The scientists have discovered distinct geochemical and mineralogical signatures of a meteorite impact in sediments from a giant bowl-shaped depression in an area named the Banni plains in the salt marshlands of Kutch, 80km from Bhuj.
Vadodara-based geologist Vishvanatha Karanth and his colleagues had 17 years ago first identified the site near a village named Luna as a possible impact crater, citing the typical rim-and-crater structure and glassy meltrock material at the site.
Now, scientists at the University of Kerala, Thiruvananthapuram, and collaborators in other institutions, have detected high concentrations of an element called iridium and two minerals called kirschsteinite and wustite in the sediments.

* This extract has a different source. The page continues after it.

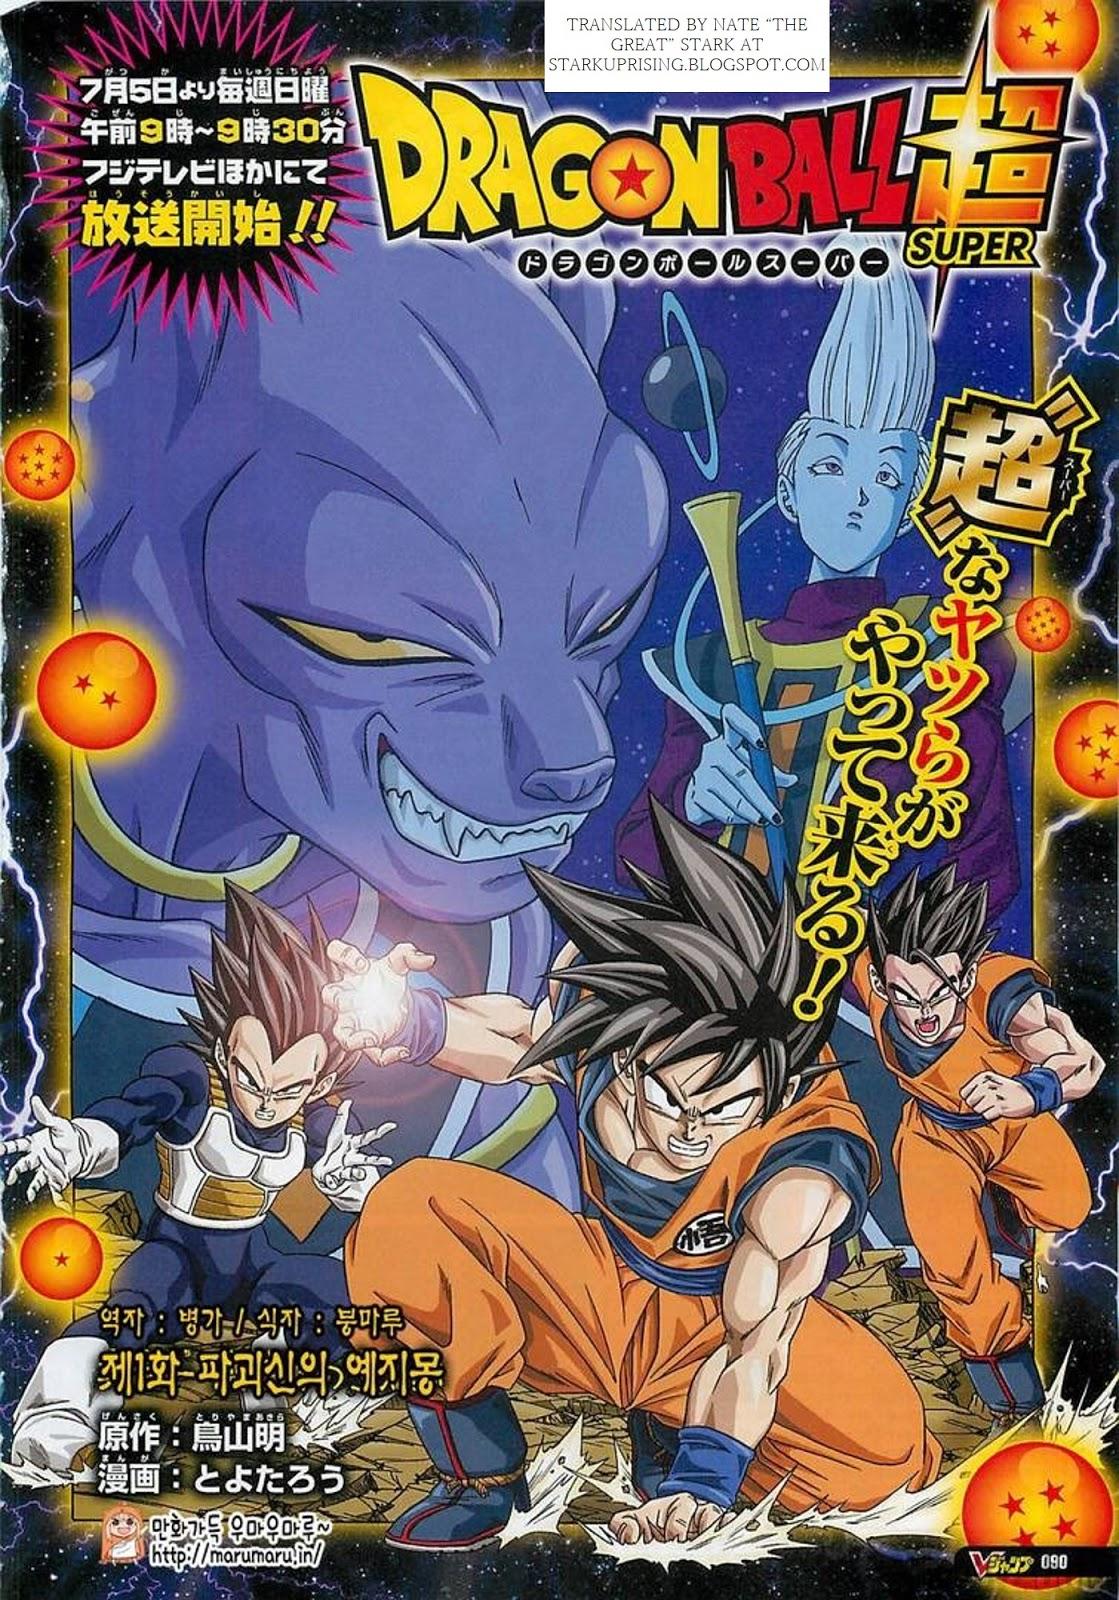 Komik Dragon Ball Super Pdf
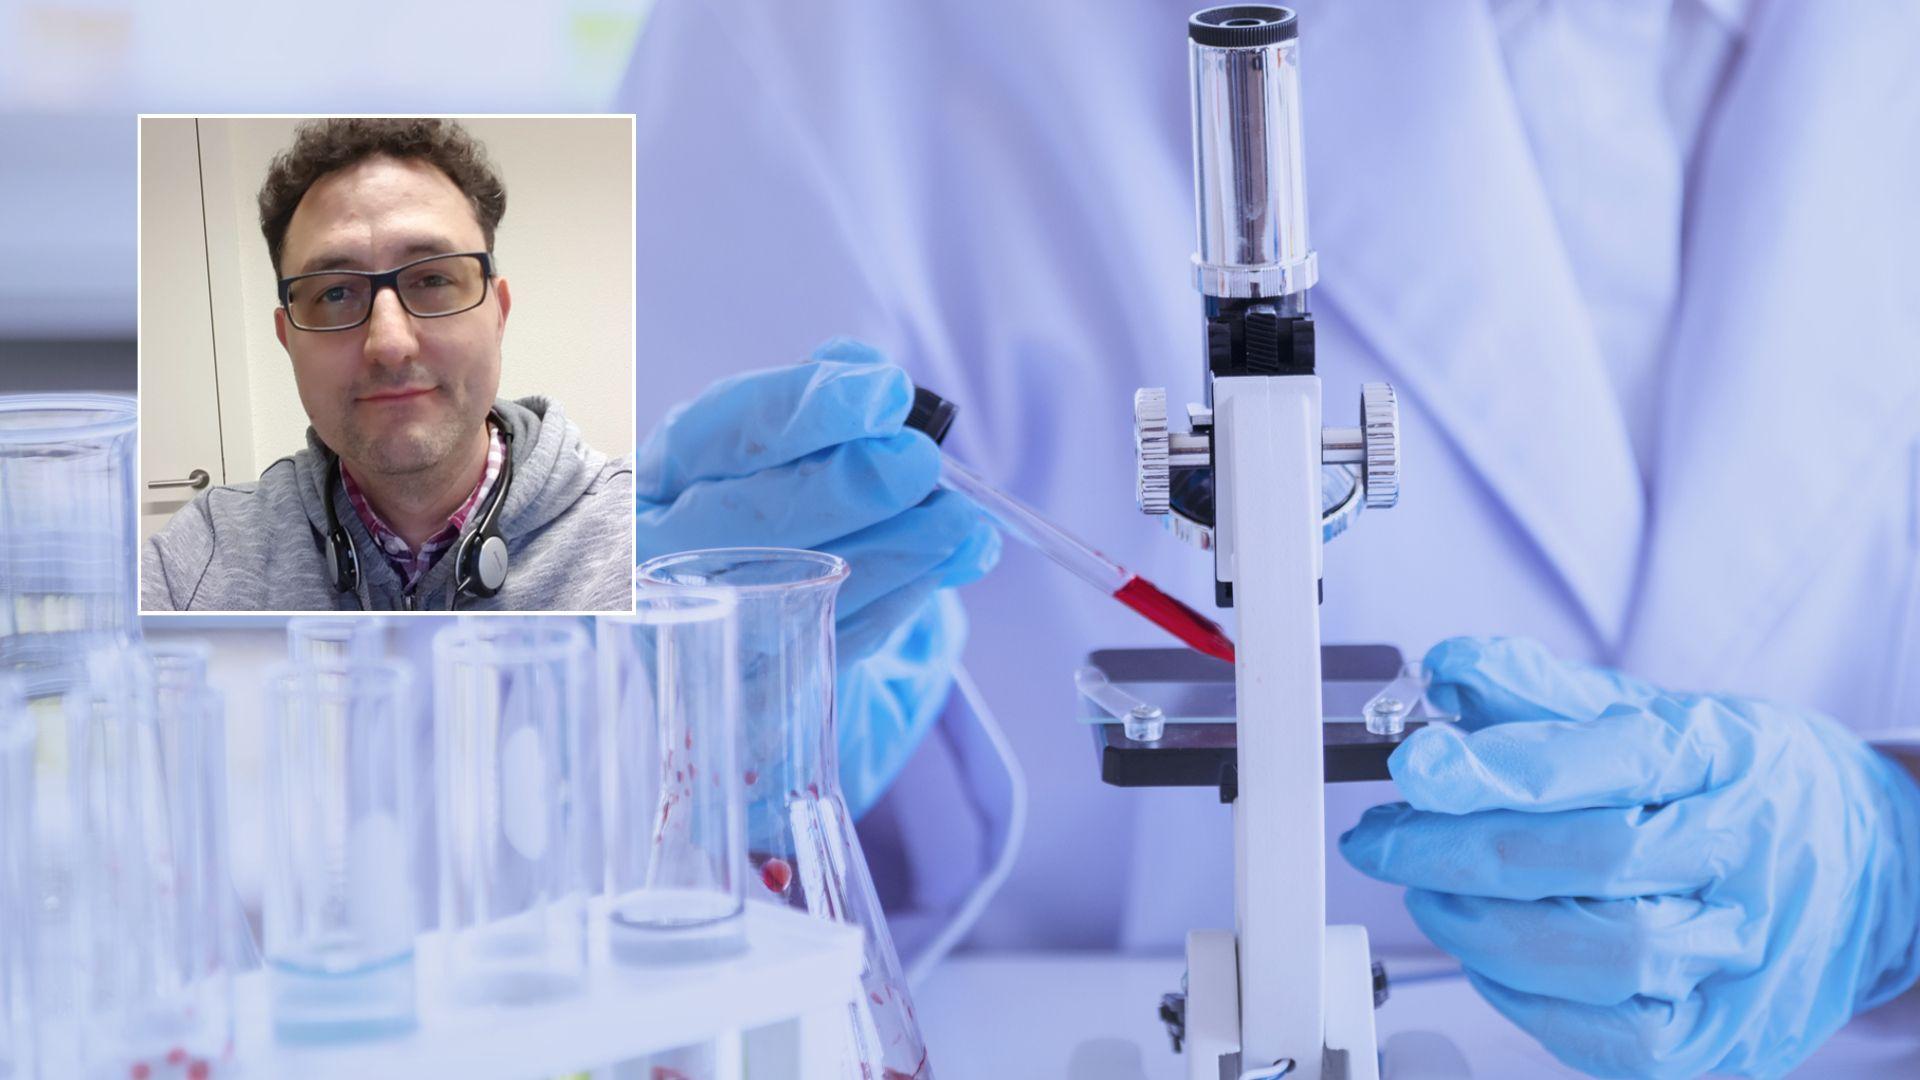 Д-р Аспарух Илиев: Индийският щам няма да ни подмине, а ваксинираните са по-защитени

“All three materials provide tell-tale evidence of a meteorite impact,” K.S. Sajinkumar, a geologist with the University of Kerala, who led the study, told The Telegraph. Iridium is rare on Earth but relatively abundant on some meteorites.
Multiple earlier studies had shown that asteroid and meteorite impacts around the world throughout the planet’s history — including the giant impact that triggered the mass extinction that wiped out the dinosaurs — had deposited iridium on Earth.
Sajinkumar and his colleagues have found that the iridium levels in the Luna crater sediments are much higher than those observed in impact craters of similar size elsewhere in the world.
Their study, just published in the journal Planetary and Space Sciences, has also indicated that the impactor was likely a 100m to 200m iron-rich meteorite. They said plant remains from the site suggest that the impact occurred 6,905 years ago.
For comparison, the Chicxulub meteorite that triggered the dinosaurs’ extinction 66 million years ago was at least 10km in diameter.
Geologists have documented over the decades nearly 200 impact craters around the world, including three in India — Dhala in Madhya Pradesh’s Shivpuri district, Lonar in Maharashtra’s Buldhana district and Ramgarh in Rajasthan’s Baran district.
“The relatively high iridium levels in the Luna crater indicate that the material brought by the meteorite is largely intact at the site,” Sajinkumar said. “It hasn’t been erased or weathered by wind or rainwater or geological events.”
The Luna crater, about 1.7km in the east-west and 1.8km in the north-south directions, lies amid salt pans and is submerged by water from the Indus river and the Arabian Sea for nearly 11 months of the year.
Sajinkumar waited in Thiruvananthapuram for months for the water in the crater to fully evaporate, awaiting an alert from a local resident. The scientists collected the sediment samples from the centre of the lake outward in May 2022.
The crater is close to the remains of ancient Harappan sites but, scientists say, it is unclear whether the meteorite struck close to an early-phase Indus Valley civilisation site or the Harappans arrived later.
“If the Harappans had already established settlements there, they would have seen a short and fiery spectacle in the sky and the impact would have shaken the ground,” Sajinkumar said.
Karanth had told this newspaper in 2006 that preliminary observations had only hinted at an impact and that conclusive evidence would require showing the presence of the rare elements expected to be deposited by the meteorite.